Print each line exactly, beginning with the one where "Le sac de même" appears and ending at the last line below.

DATA EXTRACT section start

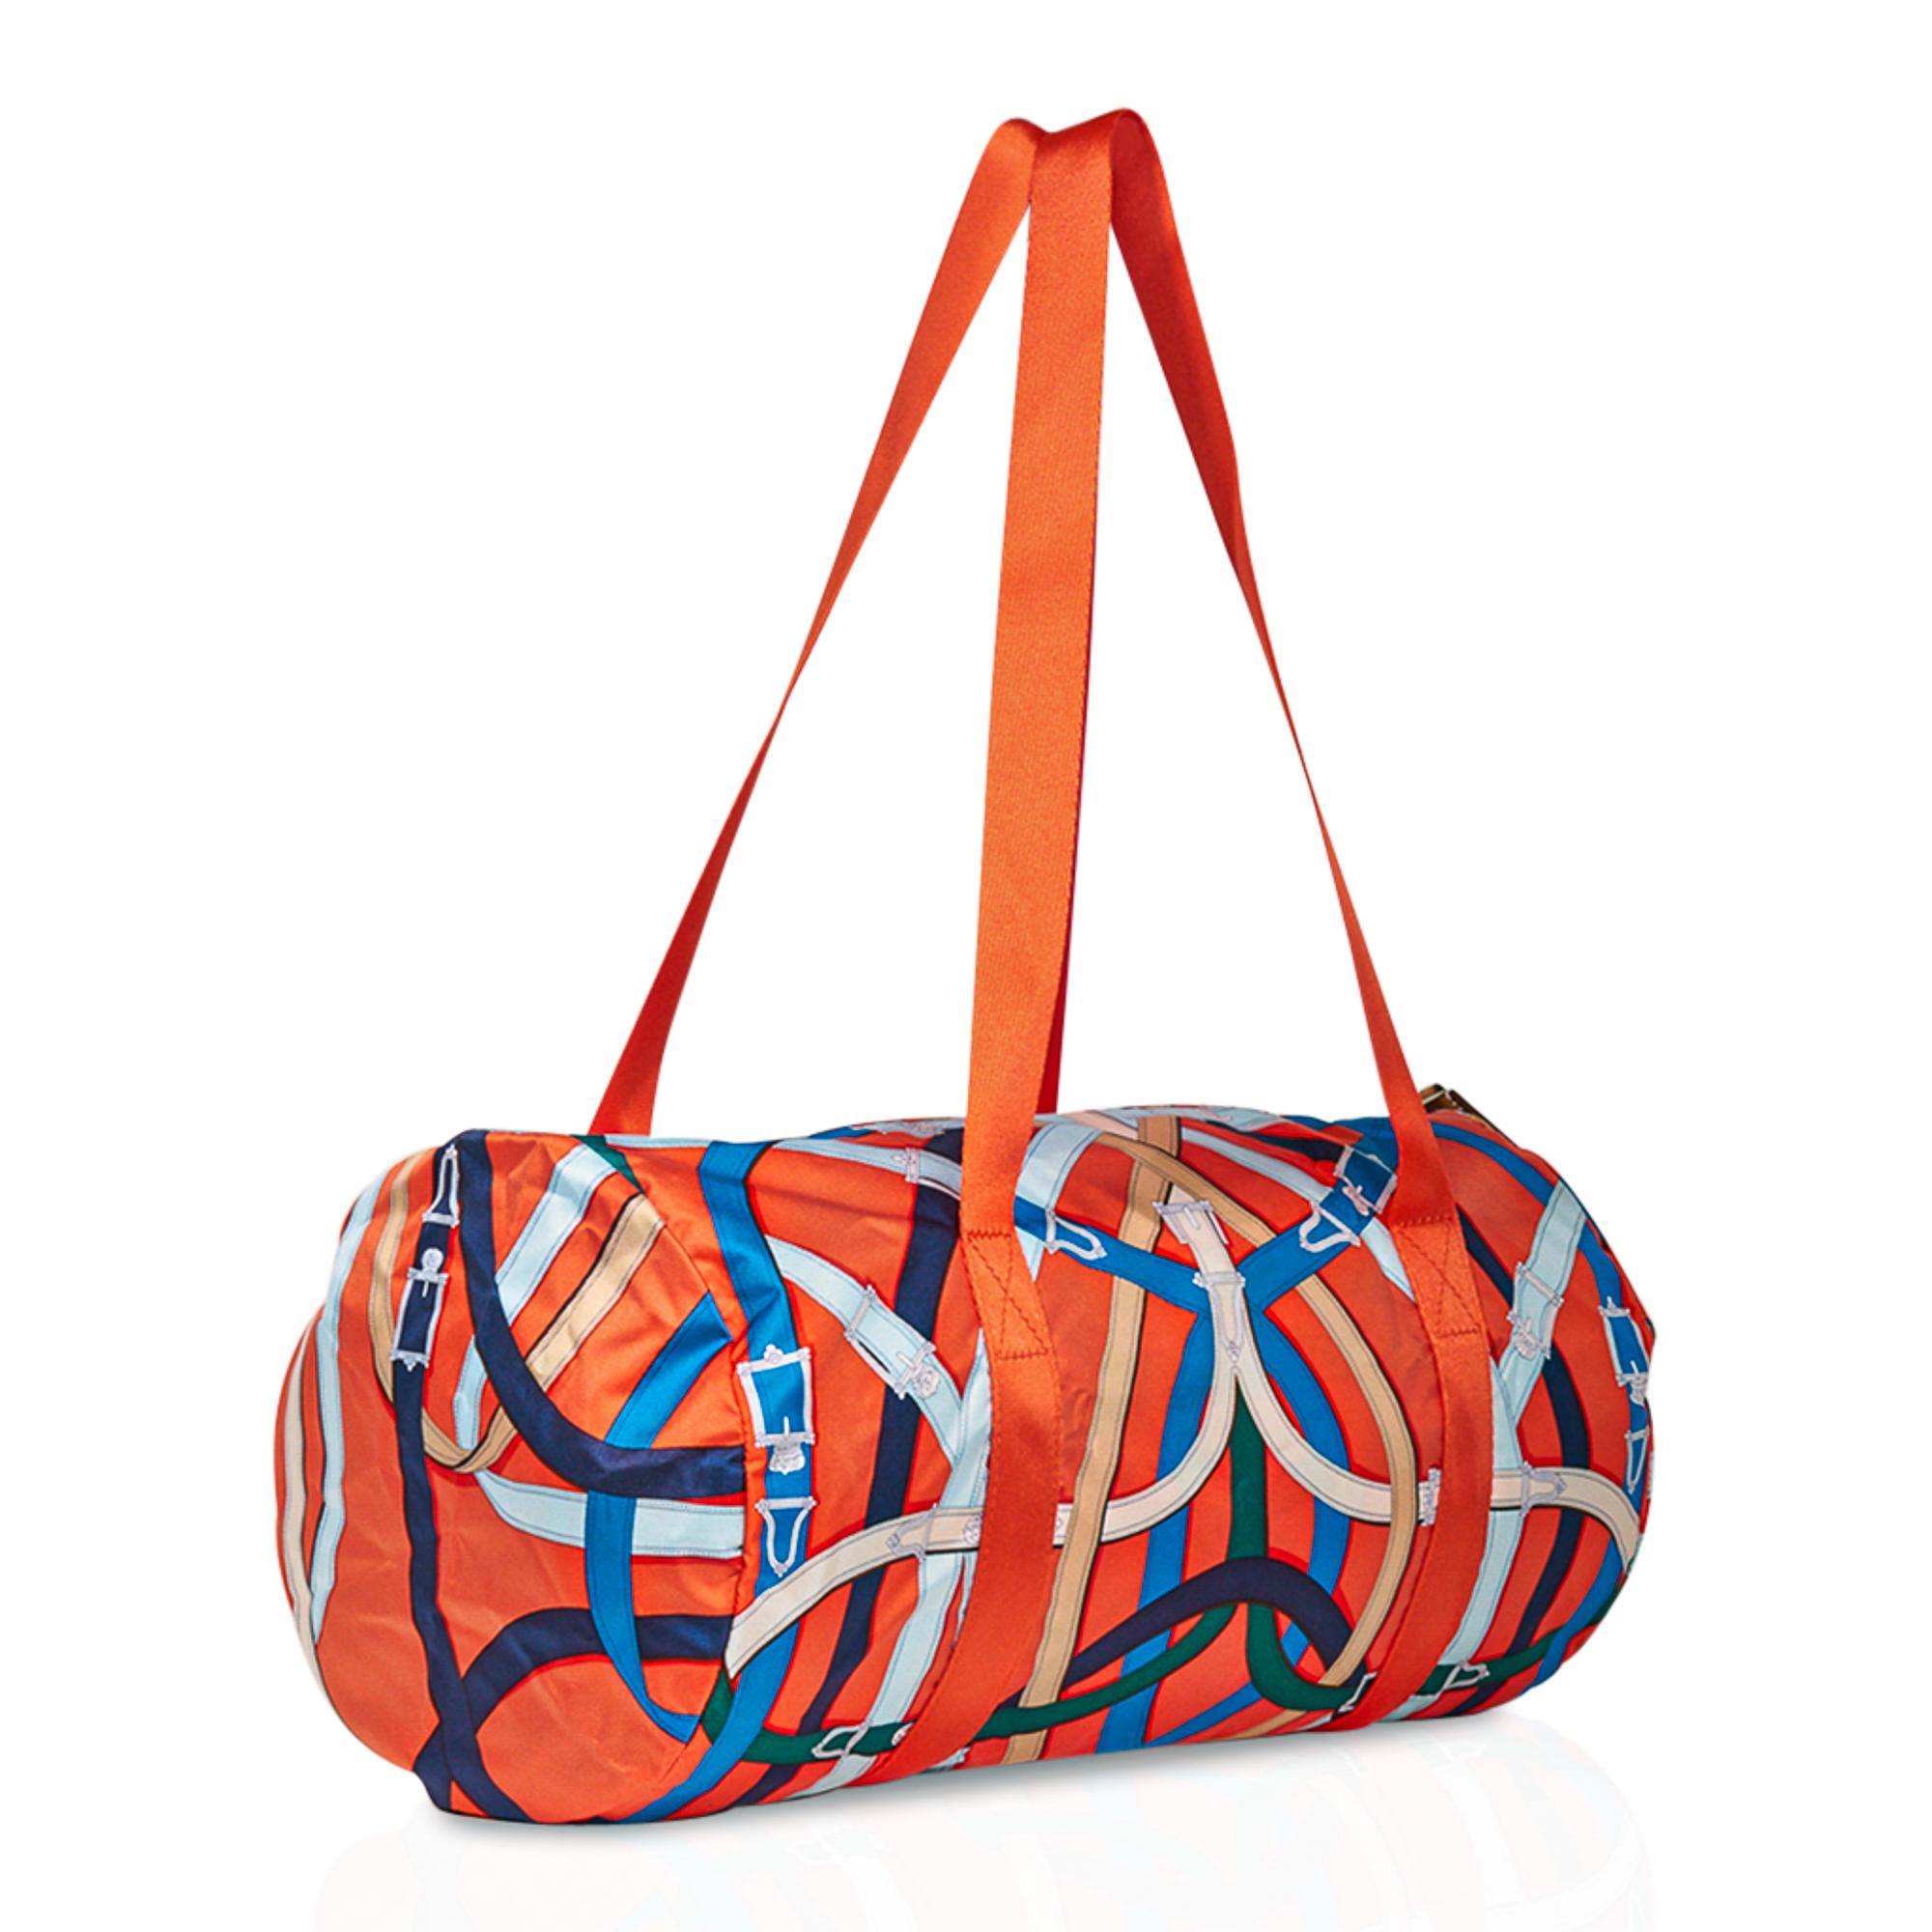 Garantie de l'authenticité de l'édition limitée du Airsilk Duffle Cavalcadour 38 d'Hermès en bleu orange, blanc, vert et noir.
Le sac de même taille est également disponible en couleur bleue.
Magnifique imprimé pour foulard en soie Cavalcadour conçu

DATA EXTRACT section end

-- WRITTEN SOLUTION --
Le sac de même taille est également disponible en couleur bleue.
Magnifique imprimé pour foulard en soie Cavalcadour conçu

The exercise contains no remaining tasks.